Having access to reliable cross-country data on taxation is important because it helps us understand and contextualize the changing landscape of public policy around the world. And yet, while the importance of high-quality data on taxation that is comparable across time and countries is widely recognised, there are substantial deficiencies in the estimates published by traditional sources. In this blog post I want to highlight the efforts of the International Centre for Tax and Development (ICTD) to produce a new dataset that tries to address some of these deficiencies, and that has perhaps not received all the attention it deserves.
Today, the most widely used source of cross-country data on taxation is arguably the IMF Government Finance Statistics (IMF-GFS). Unfortunately, despite IMF efforts, the estimates published in this source are problematic for a number of reasons.
Perhaps the most important limitation of IMF-GFS estimates is coverage: there is extensive missing data, with large spatial and temporal gaps. Yet coverage is not the only limitation. The IMF-GFS estimates are inconsistent with estimates published in other mainstream sources such as the World Bank World Development Indicators (WB-WDI), both because of differences in the methodology used to construct the variables, and because of inconsistencies in the way countries collect and report underlying revenue data.
The following chart, from Prichard (2016), shows an example of data discrepancies in tax revenues for Ghana.1 The different series correspond to different sources: the blue line denotes estimates using IMF Article IV reports, the orange line denotes estimates from the IMF-GFS, the yellow line denotes data from IMF Country Reports, and the green line denotes estimates from the World Bank World Development Indicators.2
As can be seen, research findings and policy conclusions would be quite different depending on the source that one uses to characterize the evolution of tax revenues in Ghana.

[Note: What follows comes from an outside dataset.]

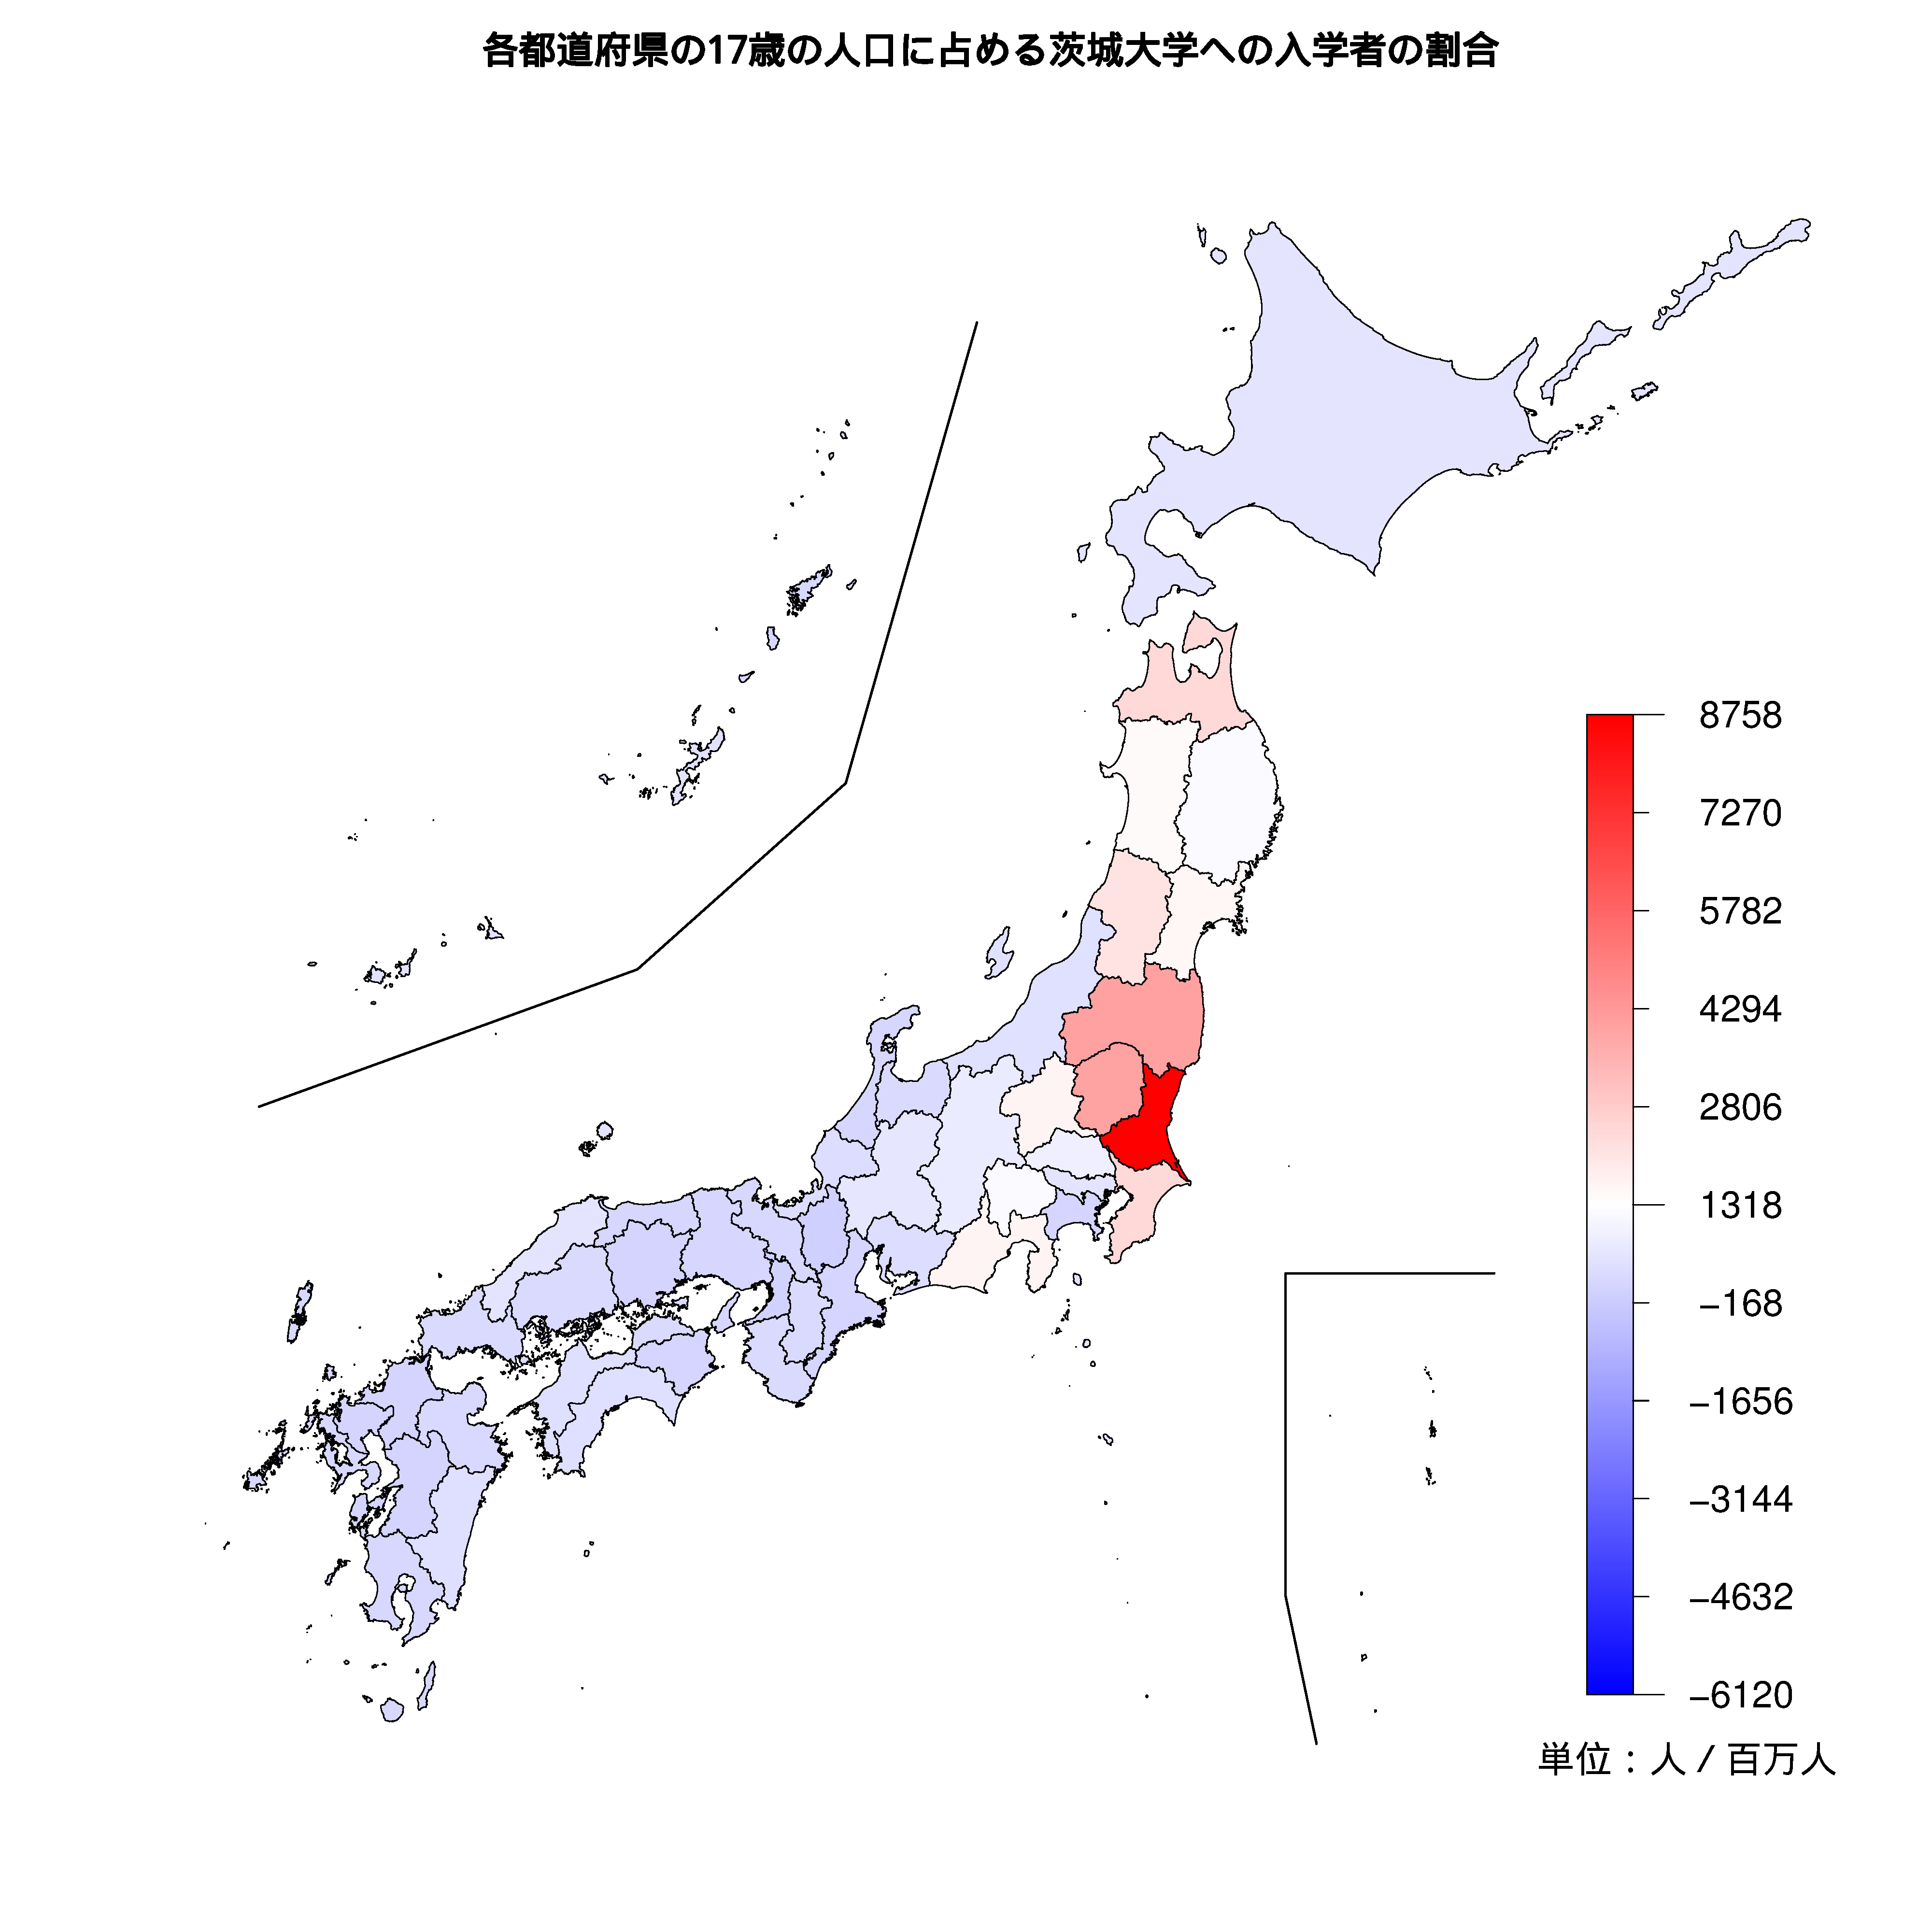 茨城大学への入学者が多い都道府県の色分け地図

Considering the above, the International Centre for Tax and Development (ICTD) recently started producing a depurated dataset that combines data from multiple sources (including the OECD, the IMF-GFS and the WB-WDI among others), applying consistency checks and flagging potential problems that may arise with the interpretation of estimates. This is a very valuable resource for research and a clear improvement over the individual underlying sources.
The following visualization maps cross-country estimates of total tax revenues as a share of GDP from the new ICTD Government Revenue Dataset (ICTD-GRD). You can find many other visualizations using this data in our entry on taxation.
One of the key advantages of the ICTD-GRD is that it stipulates a clear hierarchy for underlying sources, country by country. Generally speaking, the ICTD-GRD prioritises sources with (i) longer time series, and (ii) higher levels of disaggregation of sub-categories of revenues, such as social contributions. Yet each case is analysed independently, so the underlying sources are hand-picked, country by country, year by year. This yields fewer missing observations and more consistent estimates across countries and time.
Another important advantage of the ICTD-GRD is that it flags estimates that seem problematic. These flags include remarks such as ‘Data not credible, ‘Data is of Questionable Analytical Comparability’, and ‘Cannot Exclude Resource Revenue from Sub-Components of Total Tax Revenue’. This is evidently convenient for anyone interested in doing econometric analysis: researchers can report results both with and without the flagged data.
Of course, there remains much to be done regarding cross-country data quality in the field of taxation. While the transparent process of manual data cleaning in the ICTD-GRD is clearly a step forward, it is by no means a definitive solution. Misreporting by countries makes it difficult to unambiguously rank sources.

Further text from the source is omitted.